Study implicates genetic causes of cerebral palsy

By John Murphy, MDLinx
Published January 6, 2016

Key Takeaways

Medical knowledge has historically attributed cerebral palsy (CP) to various environmental stressors—including intrauterine infections, birth defects, and perinatal asphyxia, among others—which result in brain damage in babies. Genetic studies are not routine or recommended in the diagnostic assessment of children with CP.

But a new study indicates that genetic causes may indeed be involved in CP and that they play a much greater role than previously thought. The authors of the study also make the case that genomic testing should now be a routine part of CP diagnosis.

In this study, investigators at The Hospital for Sick Children in Toronto, Canada, and the Research Institute of the McGill University Health Centre (MUHC) in Montreal, performed genomic testing on 115 children with CP and their parents from the Canadian Cerebral Palsy Registry; many of the children had other identified risk factors. The investigators found that about 10% of the children and families carried clinically relevant genetic abnormalities (copy number variations, or CNVs) that explained the etiology of CP or accounted for associated medical complications. Among children in the general population, fewer than 1% have such genetic abnormalities.

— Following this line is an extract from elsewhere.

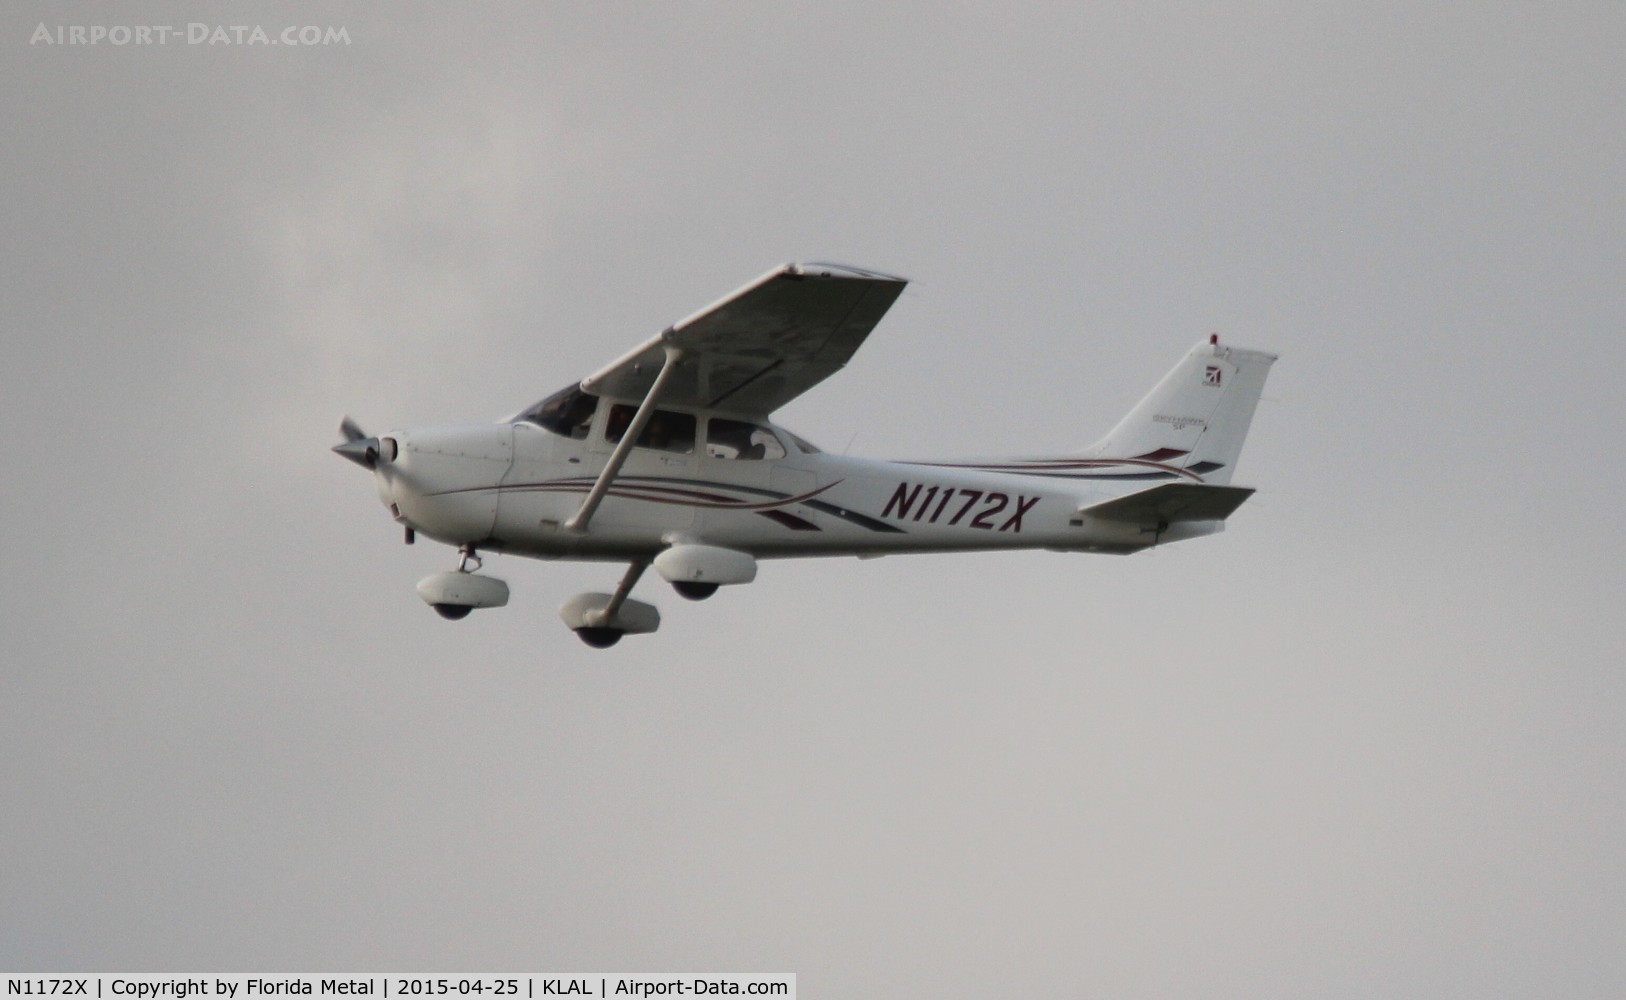 N1172X, 2006 Cessna 172S Skyhawk SP C/N 172S10378, SNF LAL 2015
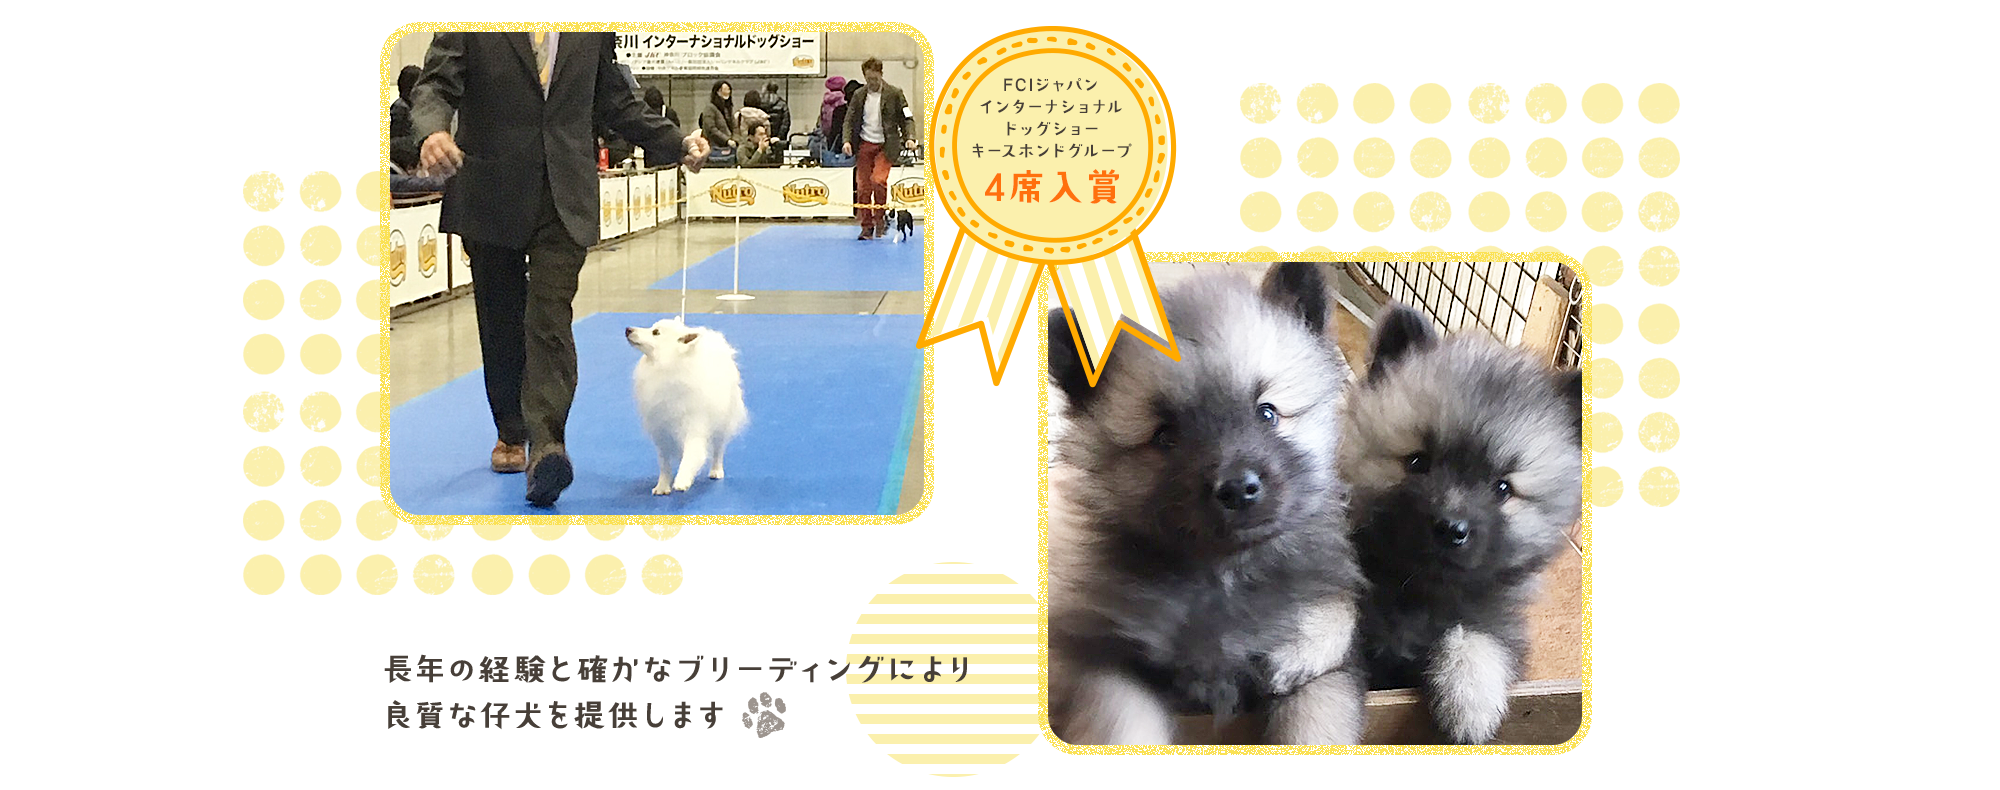 一般社団法人ジャパンケネルクラブキースホンドブリーダー  FCIジャパンインターナショナルドッグショー　キースホンドグループ4席入賞  長年の経験と確かなブリーディングにより良質な仔犬を提供します

“Our research suggests that there is a much stronger genetic component to cerebral palsy than previously suspected,” said lead author Maryam Oskoui, MD, MSc, pediatric neurologist at The Montreal Children’s Hospital (MCH) of the MUHC, co-director of the Canadian Cerebral Palsy Registry, and assistant professor in the Department of Paediatrics and Department of Neurology and Neurosurgery at McGill University. “How these genetic factors interplay with other established risk factors remains to be fully understood. For example, two newborns exposed to the same environmental stressors will often have very different outcomes. Our research suggests that our genes impart resilience, or conversely a susceptibility to injury.”

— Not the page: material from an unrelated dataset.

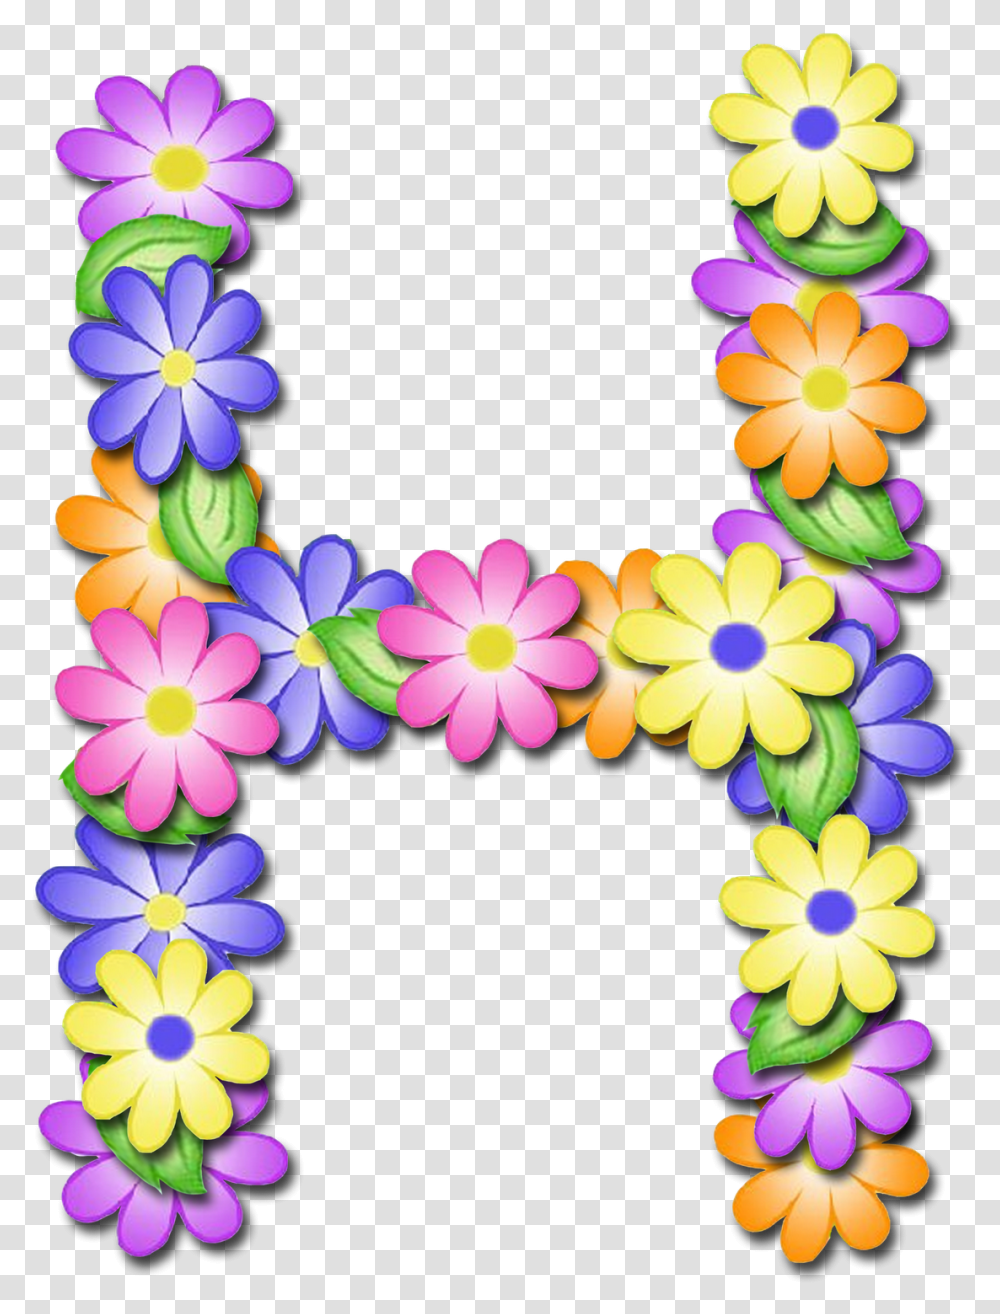 Letras L Con Flores, Floral Design, Pattern Transparent Png

This finding, published in a study online in Nature Communications, could have major implications on the future of counselling, prevention, and treatment of children with CP, the authors suggested.

“When I showed the results to our clinical geneticists, initially they were floored,” said principal investigator Stephen Scherer, PhD, DSc, director of The Centre for Applied Genomics (TCAG) at The Hospital for Sick Children. “In light of the findings, we suggest that genomic analyses be integrated into the standard of practice for diagnostic assessment of cerebral palsy.”